Why the Improvement May Be Marginal
There are several plausible reasons why label smoothing did not lead to a more substantial
performance boost in this setting:
First, the model may already be well-regularized through other mechanisms such as data
augmentation, partial layer freezing, and pretrained feature reuse. In such cases, the
additional regularization introduced by label smoothing provides diminishing returns.
Second, label smoothing tends to be most effective when models exhibit severe overconfidence
or label noise. If the dataset is relatively clean and the classifier head is not excessively
overfitting, the impact of smoothing will naturally be limited.

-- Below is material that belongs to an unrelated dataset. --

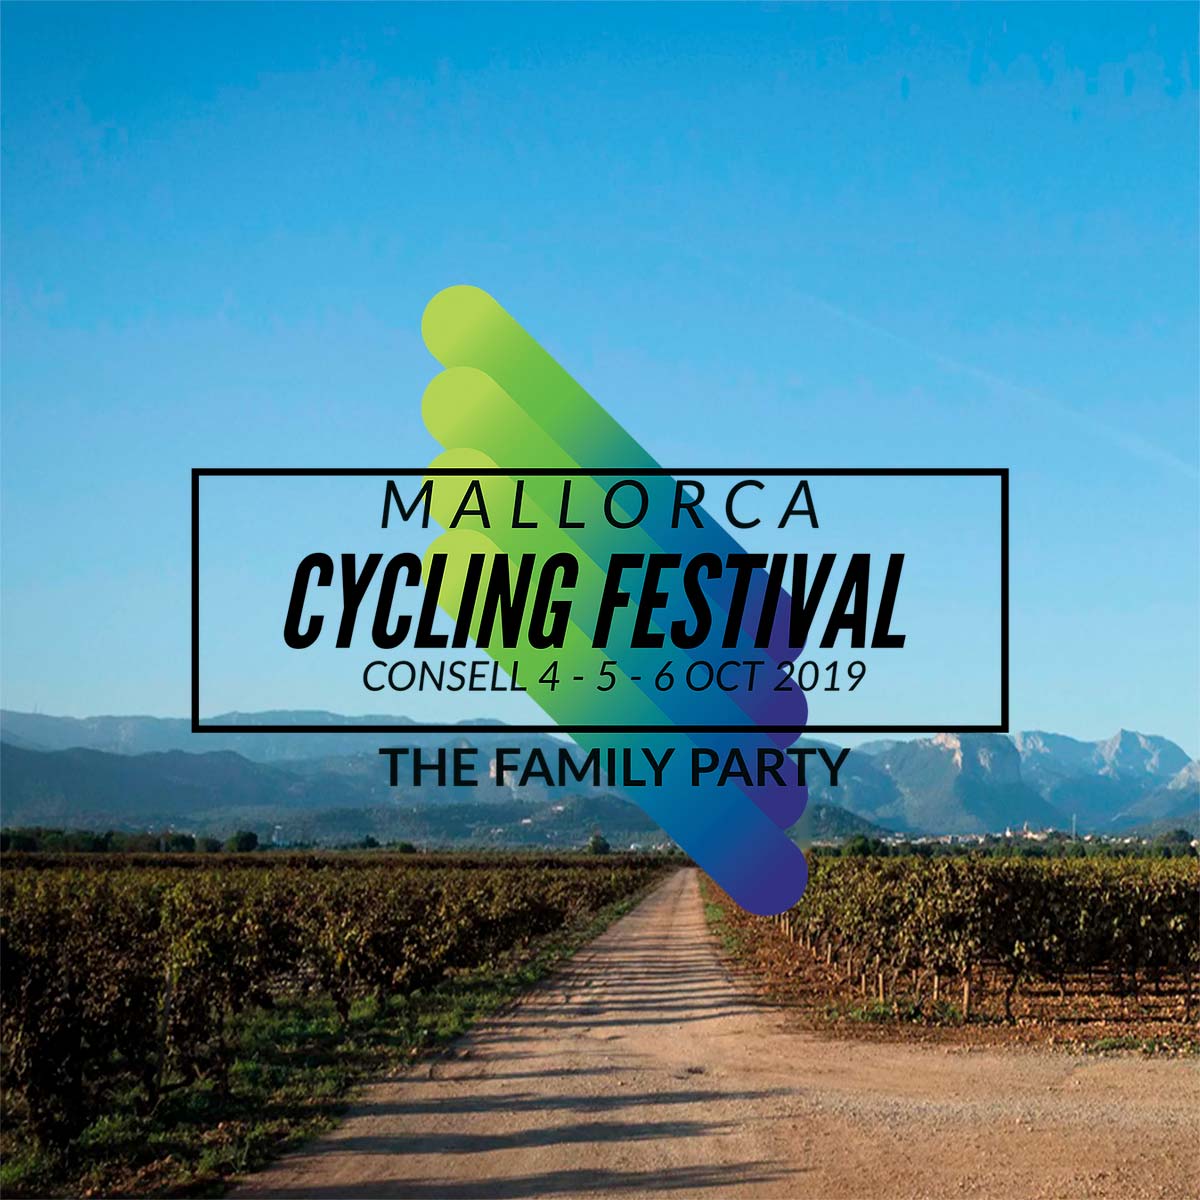 En TodoMountainBike: Llega el Mallorca Cycling Festival, un festival ciclista para toda la familia en un destino idílico

Third, the observed improvement may fall within the variance induced by stochastic factors
such as random initialization, data shuffling, and augmentation randomness. Without multiple
controlled runs, it is difficult to attribute a 0.3% gain definitively to label smoothing
rather than statistical noise.
Conclusion
While label smoothing produced a slight increase in validation accuracy, the effect is small
and may not be statistically significant. In this project, it appears to function more as a
minor stabilizer rather than a primary performance driver. As such, label smoothing remains
an optional enhancement rather than a critical component of the final training configuration.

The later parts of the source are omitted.